И было ему радостно учить ротастого, белобрысого Степана – с придурью он! – всему своему деревенскому прошлому, которое помнил еще, и рад был, что помнил. Сам себя проверял, помнит ли. Присматривался к кустам: все помнил. Узнал и показал Степану волчьи ягоды, на лужку признал отцветавшую уже любку, липкую смолянку. Молодыми радующими глазами смотрело на него все, точно потерял было он все это, а теперь нежданно нашел опять. Все приводило за собой из прошлого многое – не назовешь что, а только порадуешься, прикоснешься душевно, как было в первую зорю, когда играл под окном Хандра-Мандра. И грибы-то набрал никудышные, мог бы купить бельевую корзину настоящих белых,
– Вон они, за сучочком-то… – вытягивал губы и показывал пальцем Степан. – Вон они теперь перелетели… на сучочек-то… головкой-то вниз висит… головкой-то стучит…
– Белки тут бывали…
– Ужель даже белки?! Вот какое ваше место замечательное! Все есть. И медведи, и… все!
Легко было дышать в лесу поутру. И не мучила одышка, как в Москве. Пройдешь, посидишь. И нет-нет и подумается: как на стройке, как торговали бани в субботу, уплатит ли в срок, к июлю, Коровин за аренду семейных… Слышал даже, как стучат молоточки кладчиков, шумят ноги по доскам на лесах. А здесь-то как тихо!
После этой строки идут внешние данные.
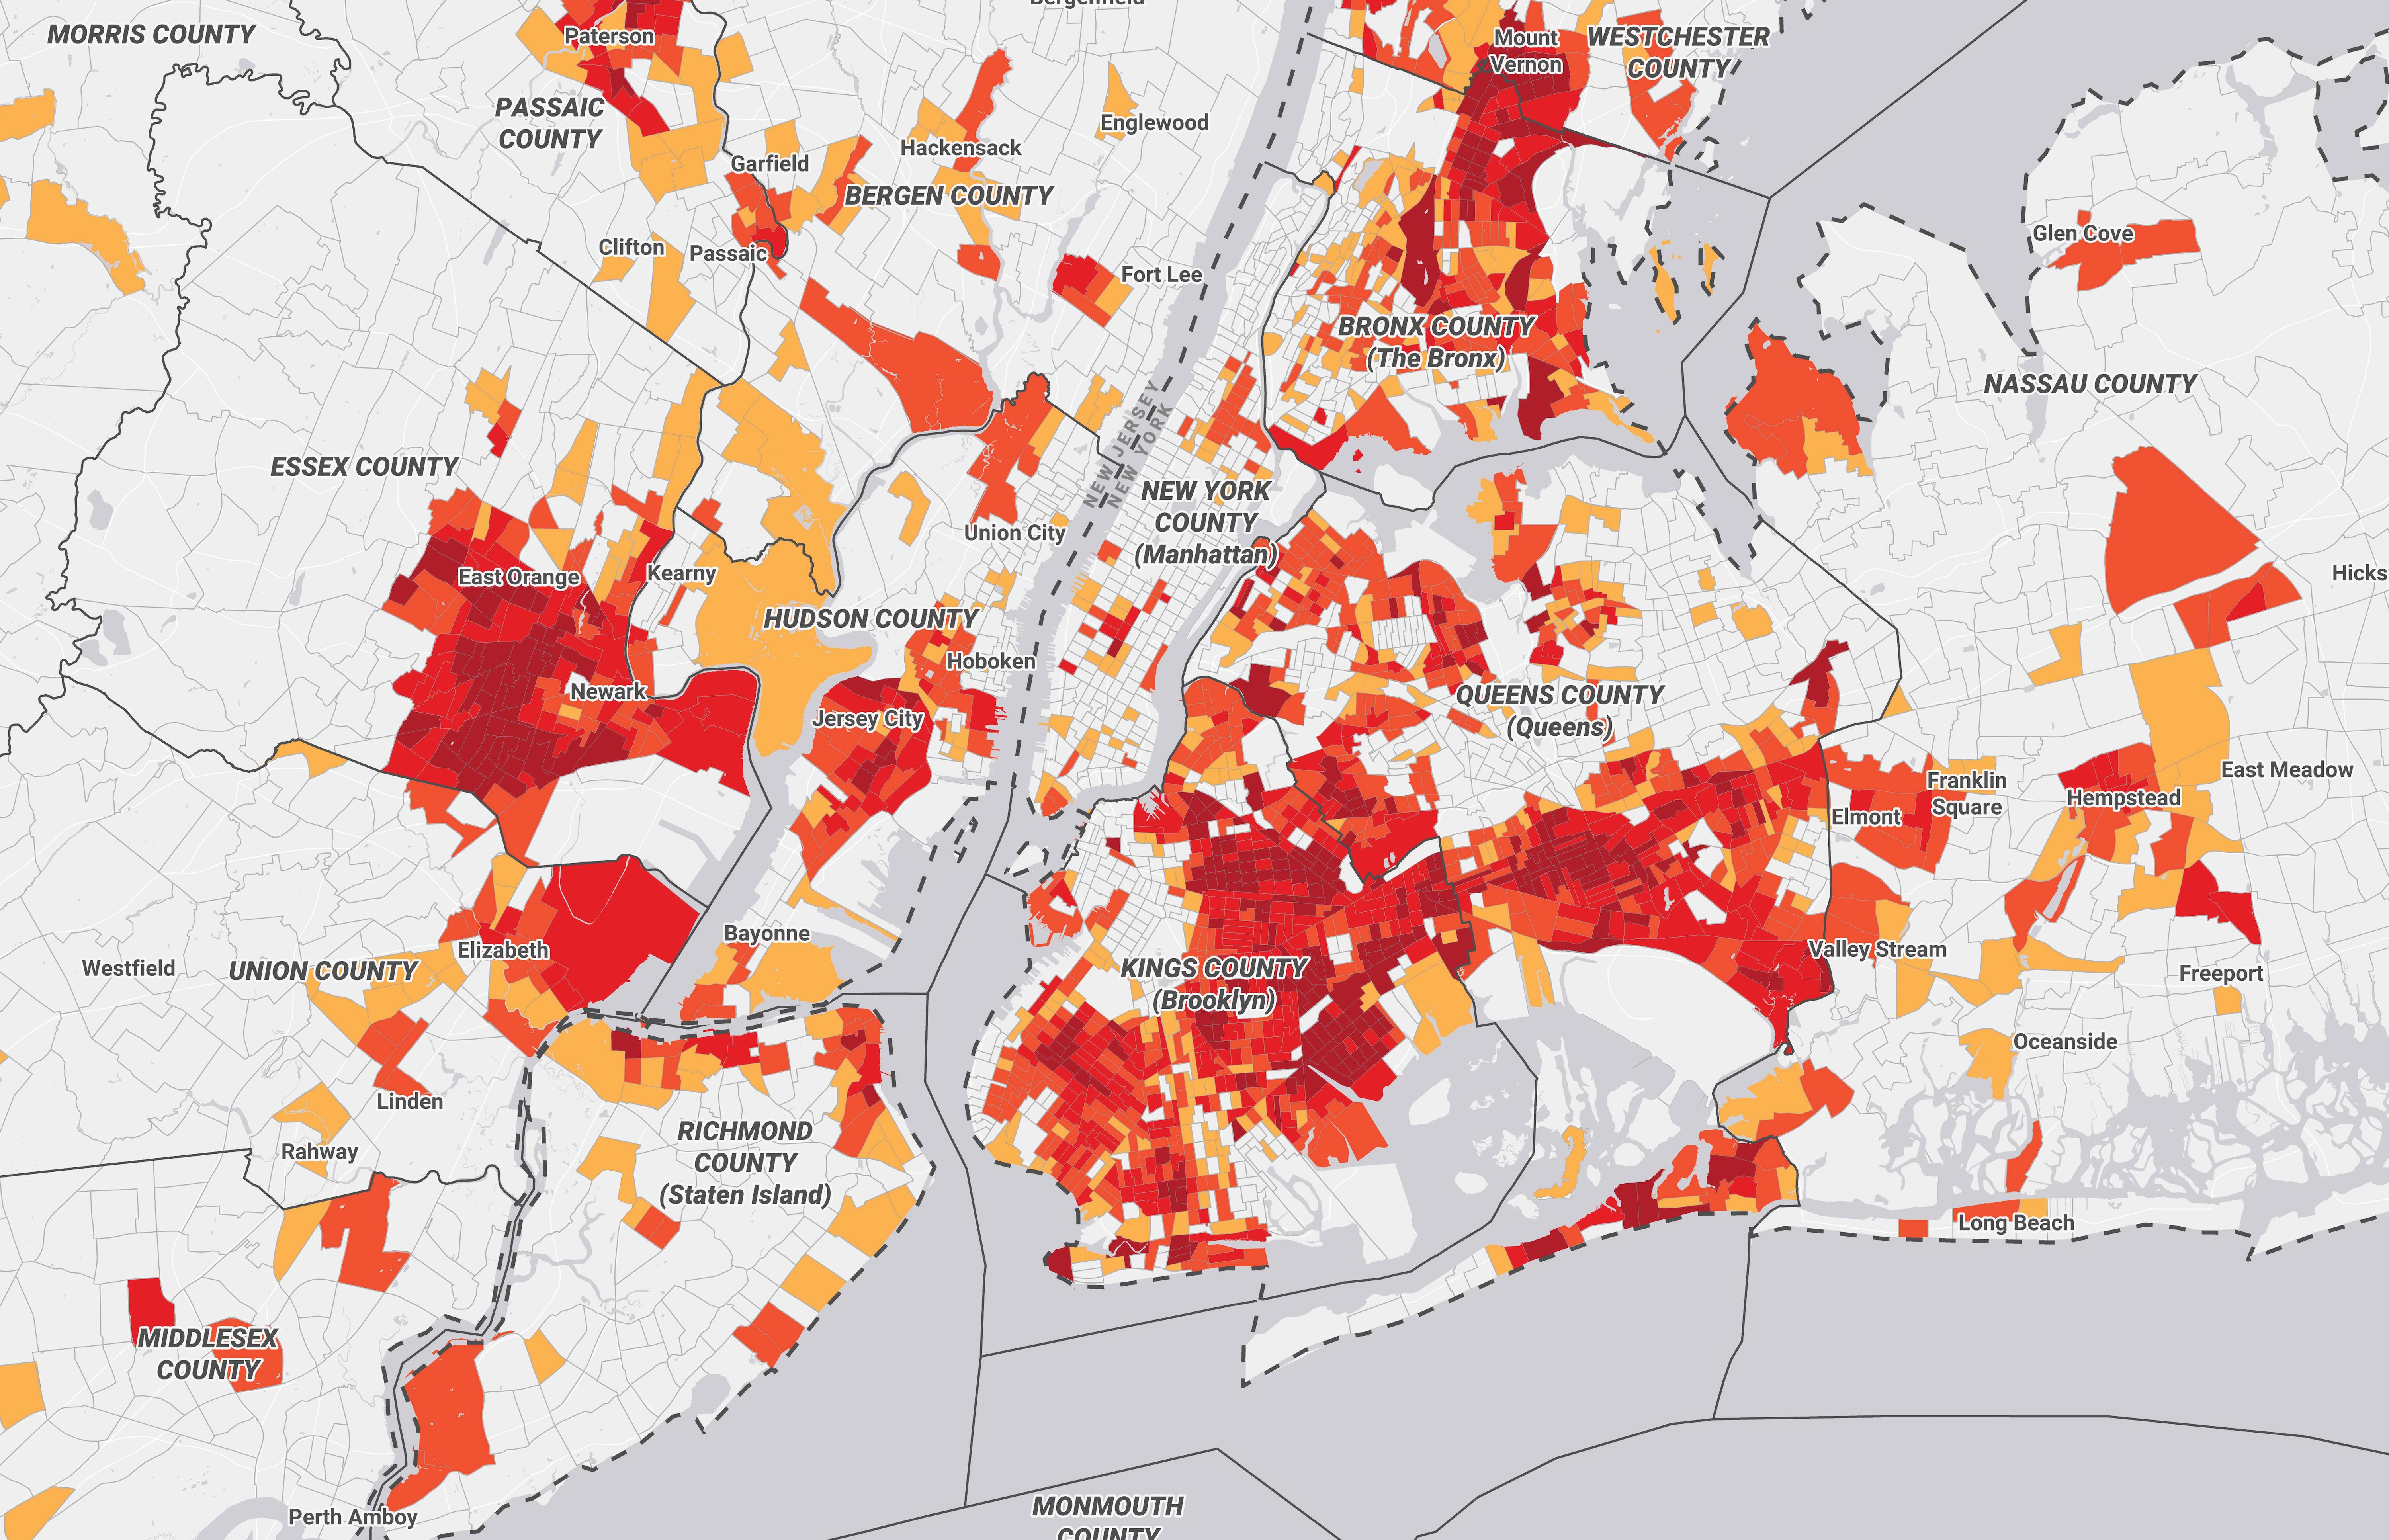 Mapa da área metropolitana da cidade de Nova York com risco de subconta, 2019
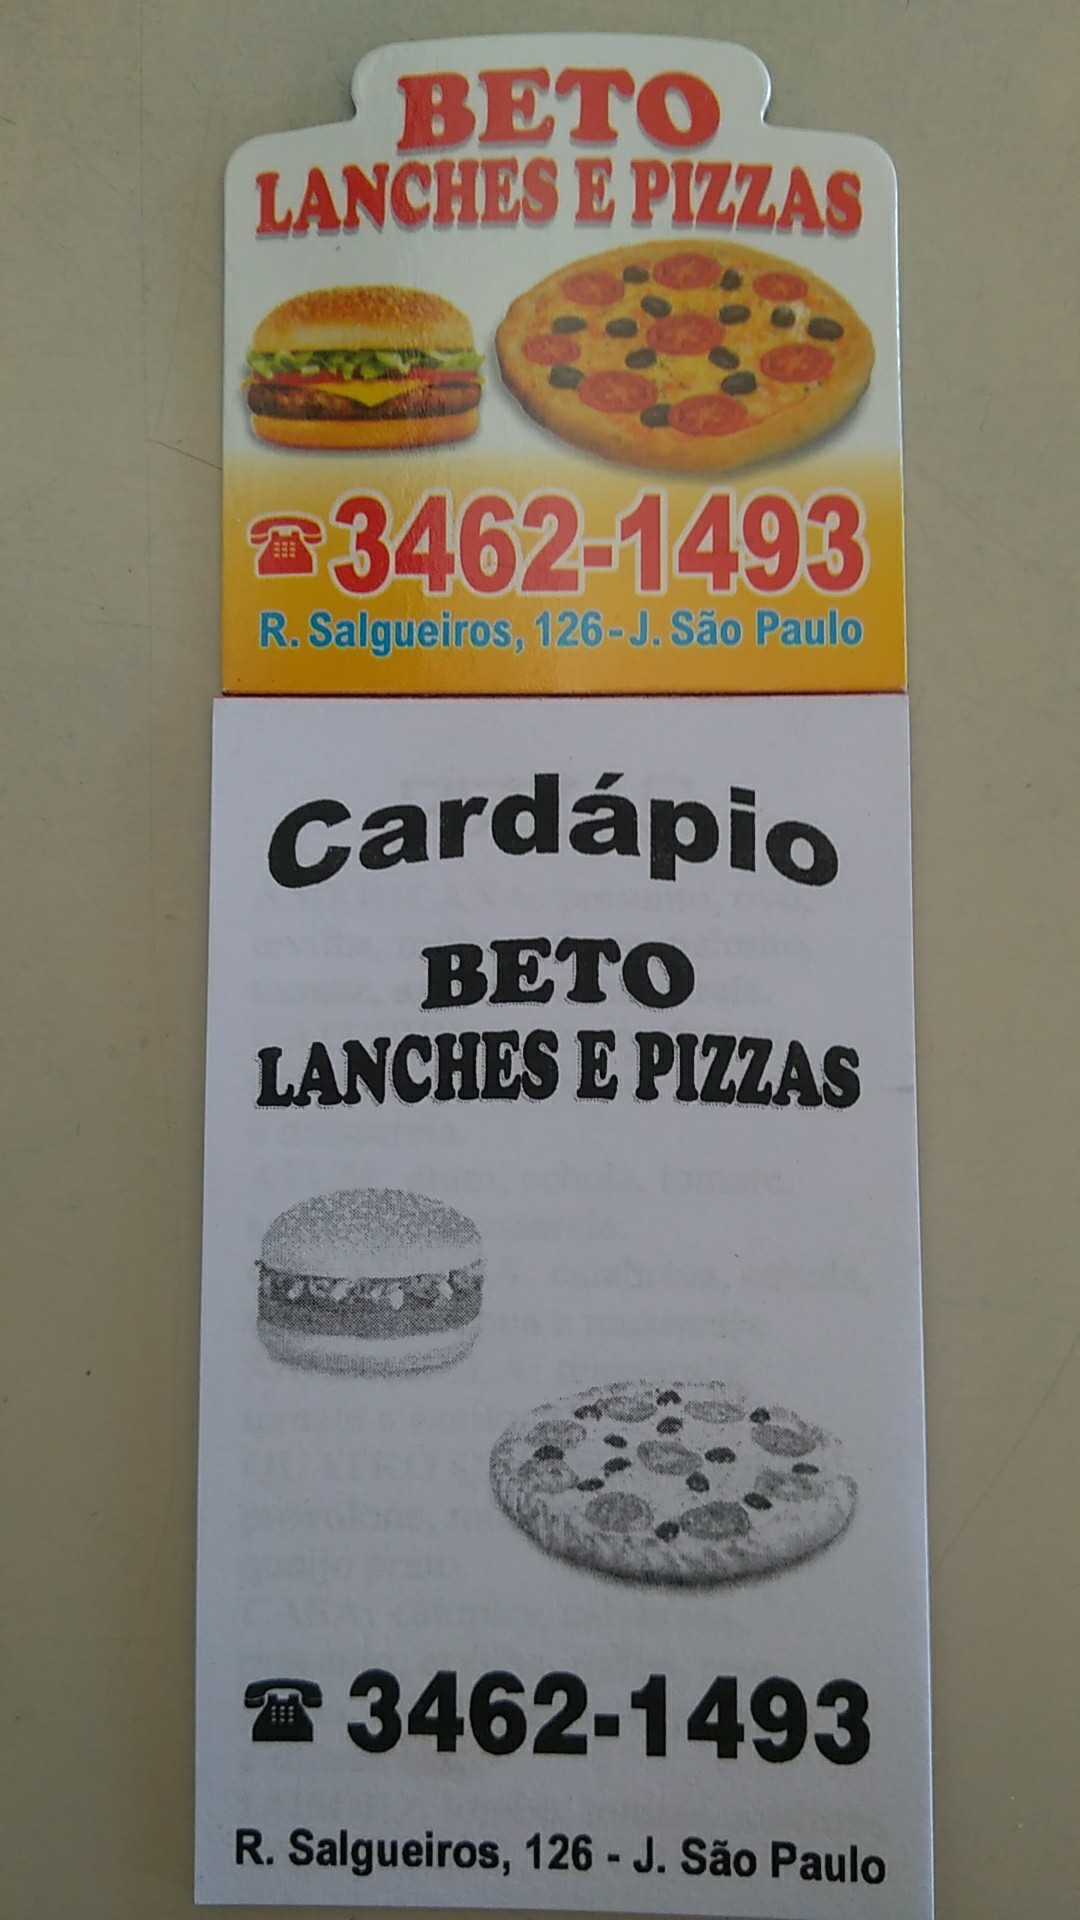 Beto Lanches e Pizzas

Дошел до большого омута, «монастырского», – дорожка к монастырю тут, – где когда-то, и сам не помнил, была запруда. Взглянуть, остались ли голавли. Хорошо помнил их: ни за что нельзя было взять их бреднем – весь был в карчах и затопленных сучьях старый омут. Посидели на бережку, поглядели на тихую, желтоватую в тени кустов воду. Были голавли! Стояли на солнышке темными полешками, пошевеливая красными плавничками, сытые, давние. Может быть, те же всё: ведь рыба долго живет.
Показал Данила Степаныч палкой:
– А это вот голавли… При мне еще были!
– Голавли?! Во-от… – И смотрел на голавлей вдумчиво.
За омутом, на отвесной стене обрыва, заросшего березняком, шелестели и встряхивались кусты. Выставилась в зелени голова в красном платочке и спряталась. Падали зеленые ветки, и признал Данила Степаныч, что веники это режут – в бани, в его бани, сыну Николе, шесть рублей тысяча. Думал, что должны бы быть пни там березовые, – гонят и гонят они сколько лет все молодые побеги, а после Успеньева дня, как дожди, высыпают по пням опята. И захотелось ему на жаре горького чего-нибудь, горьковатых опят, соленых, как, бывало, засаливали их кадочками и зарывали в лед до поста. Крепко хрустят на зубах. И сказал Степану:
– Не забыть бы сказать Аринушке, наказала бы она… есть уж, может… осиновичков да березовичков понабрать… посолить бы…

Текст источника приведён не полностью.